Às vezes, me pego pensando como deve estar aí. Você adorava a praia, e como deve ser não sentir a areia cobrindo os pés, a água salgada que molha a sua perna e a maresia se percorria seu corpo e seu esplêndido cabelo.

Sempre que posso, disponibilizo meu tempo indo ver sua mãe e seu padrasto, converso horas sem parar, e sempre que vejo o pequeno Levi, consigo imaginar ele em seus braços, e no momento em que ele começa a chorar, você o devolvendo para a sua mãe. Infelizmente, ele não poderá ficar no seu colo e nem ter sua presença constante, mas ele sempre saberá quem foi essa mulher que sempre quis fazê-lo feliz, e que irmã você seria, amando e mimando ele sempre que pudesse.

Tentei ao máximo me expressar e falar o quão importante você foi e como gostava de viver, e quão inoportuna foi essa doença que chegou no momento mais frágil de sua vida e a levou no meio do tratamento e nem sequer nos deixou uma saudosa despedida. Mas espero que esteja bem, pois nós estamos bem, nos cuidando, tomando medidas preventivas sempre, e sabendo que, de alguma forma, você vai cuidar da gente, como sempre fez.
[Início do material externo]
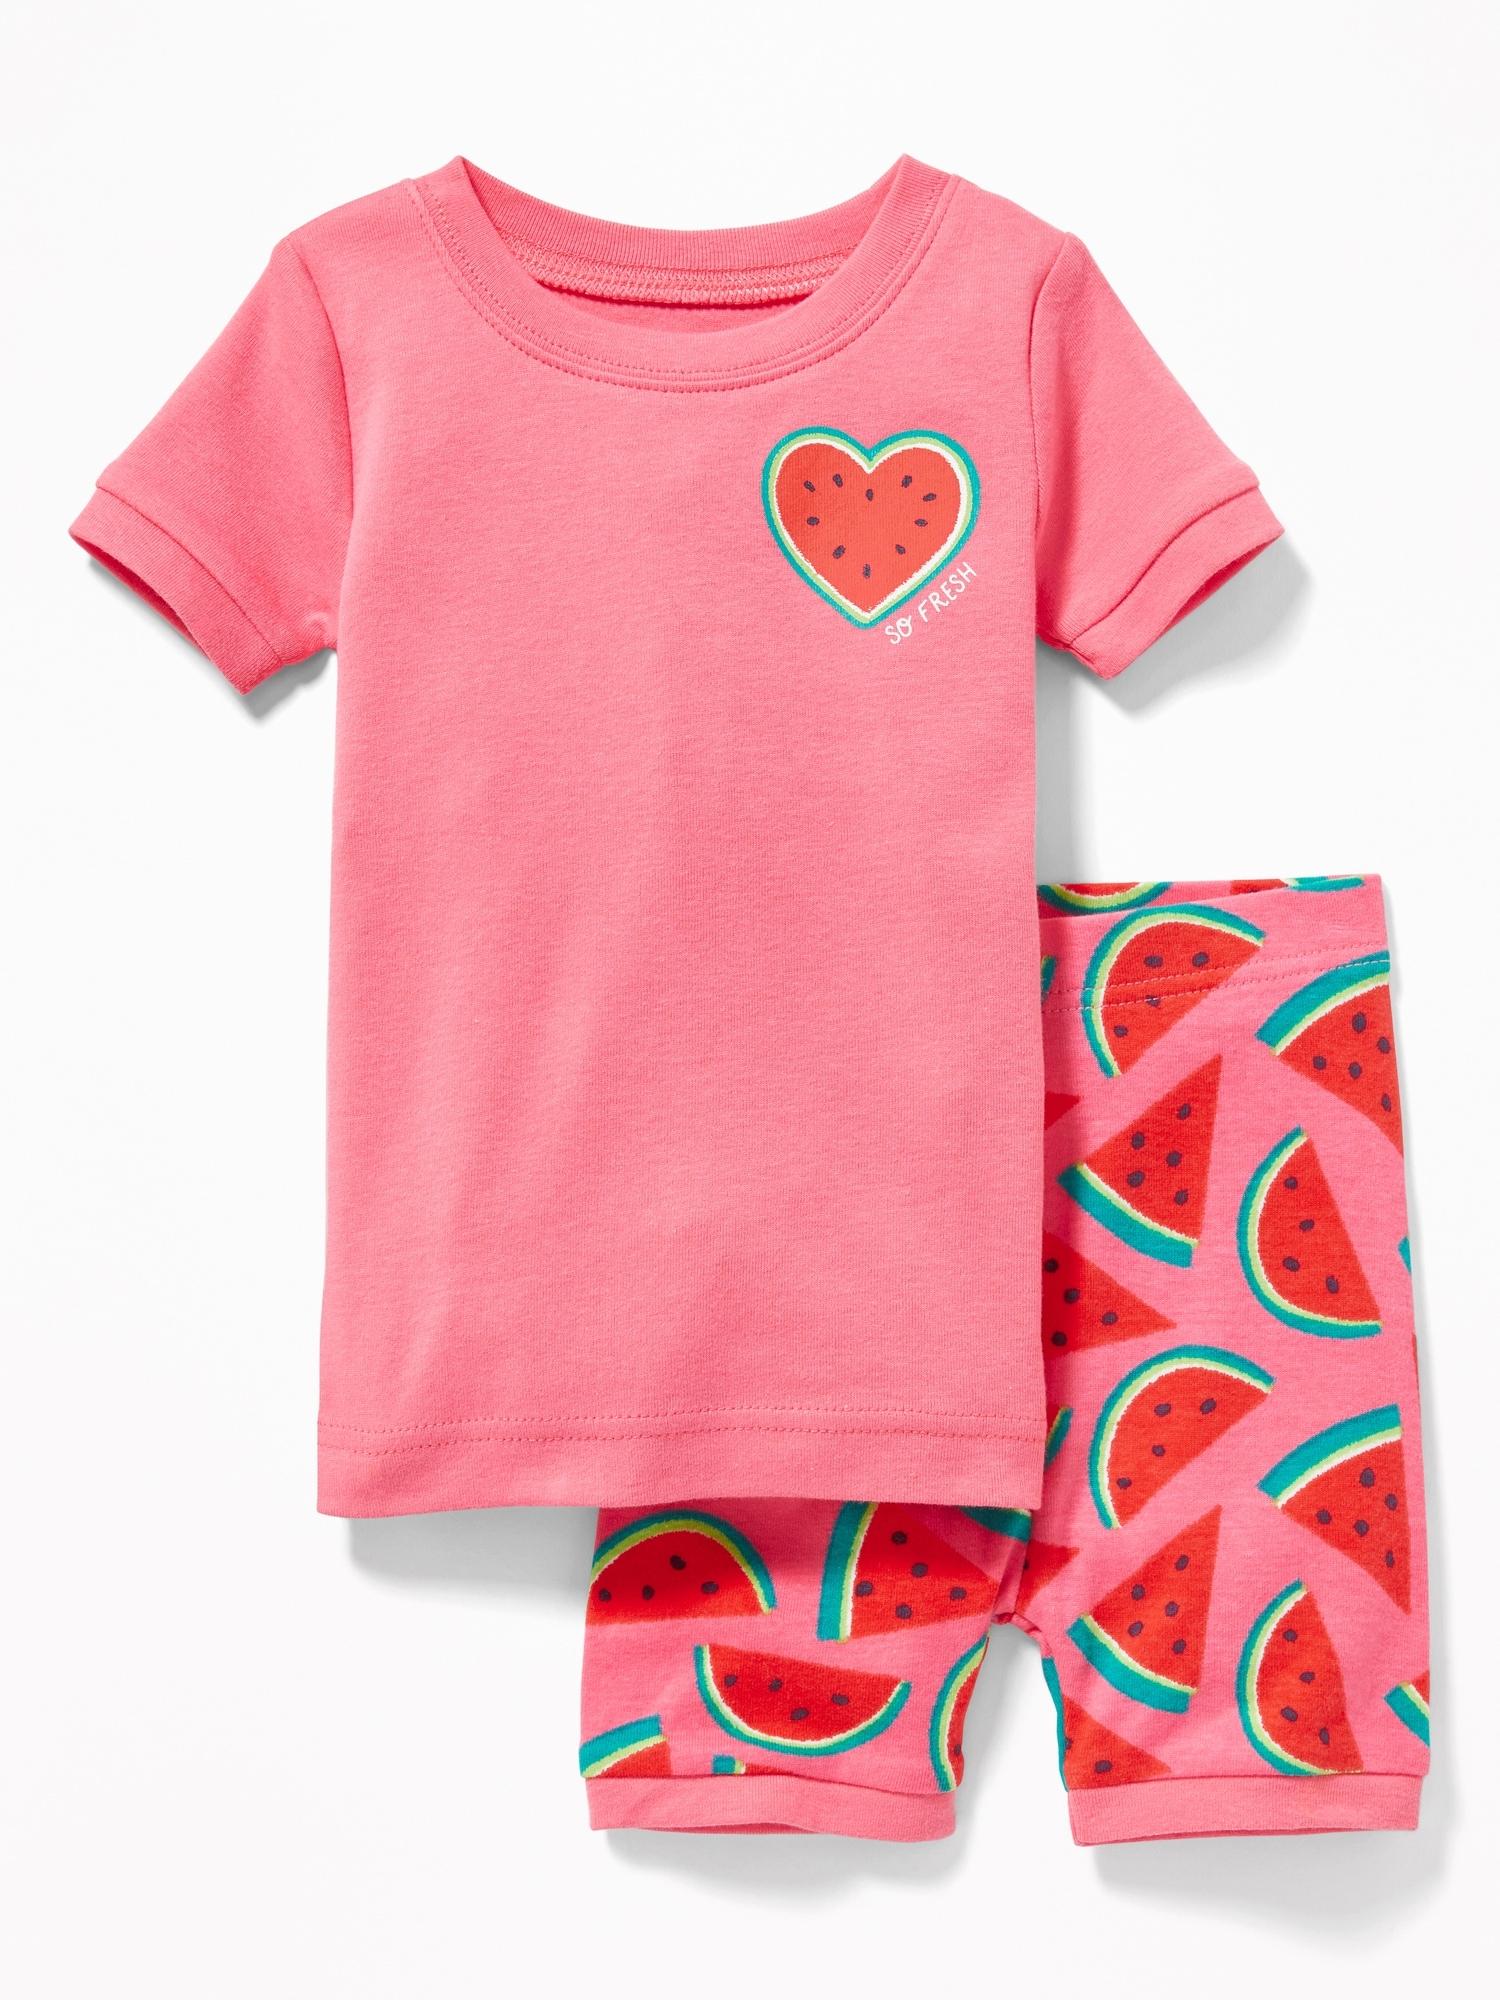 GAP Kids Disney Minnie Mouse Watermelon Shorts Pajamas 12
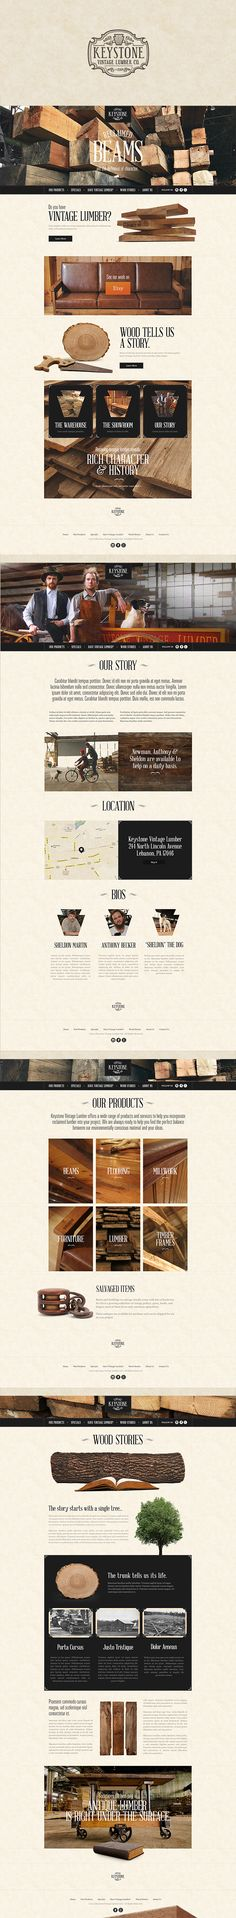 Keystone Vintage Lumber Company by Justin Freiler #website #design #digital

Bia, as amarras que te prendiam no mundo tiveram seus nós desatados e agora você flutua para mais longe, para além do céu, onde não há mais limitações que possam fazê-la parar.

Ainda penso se pude ser o primo mais presente em sua vida, e que talvez eu tivesse sido melhor, mas eu tenho tantas lembranças com você que me fazem afirmar que fui eu mesmo, autêntico, que sempre aprendeu coisas novas com você, e vice-versa. Agora é a hora de você me ensinar coisas novas, e eu pô-las em prática e, para começar, aprender a viver um dia, assim como você viveu.

Obrigado por tudo, Bia, que você possa ser presente para nós de agora em diante.

Com amor,

Pedro Ivo.”

A história de Bianca Galvão de Oliveira foi contada pelo projeto Inumeráveis, um memorial dedicado à história de cada uma das vítimas do coronavírus no Brasil.